> _TASK INPUTS_:
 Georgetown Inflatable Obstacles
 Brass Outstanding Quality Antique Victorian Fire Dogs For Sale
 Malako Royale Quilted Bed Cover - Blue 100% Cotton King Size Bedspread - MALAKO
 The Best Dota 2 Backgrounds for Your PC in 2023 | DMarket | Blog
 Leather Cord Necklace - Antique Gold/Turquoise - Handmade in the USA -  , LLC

> _ABOUT THIS EXERCISE_:
Copy, without any change, the run of lines from the one with "Malako Royale Quilted" through the end of the entries above.

> _ANSWER TO THIS PROBLEM_:
 Malako Royale Quilted Bed Cover - Blue 100% Cotton King Size Bedspread - MALAKO
 The Best Dota 2 Backgrounds for Your PC in 2023 | DMarket | Blog
 Leather Cord Necklace - Antique Gold/Turquoise - Handmade in the USA -  , LLC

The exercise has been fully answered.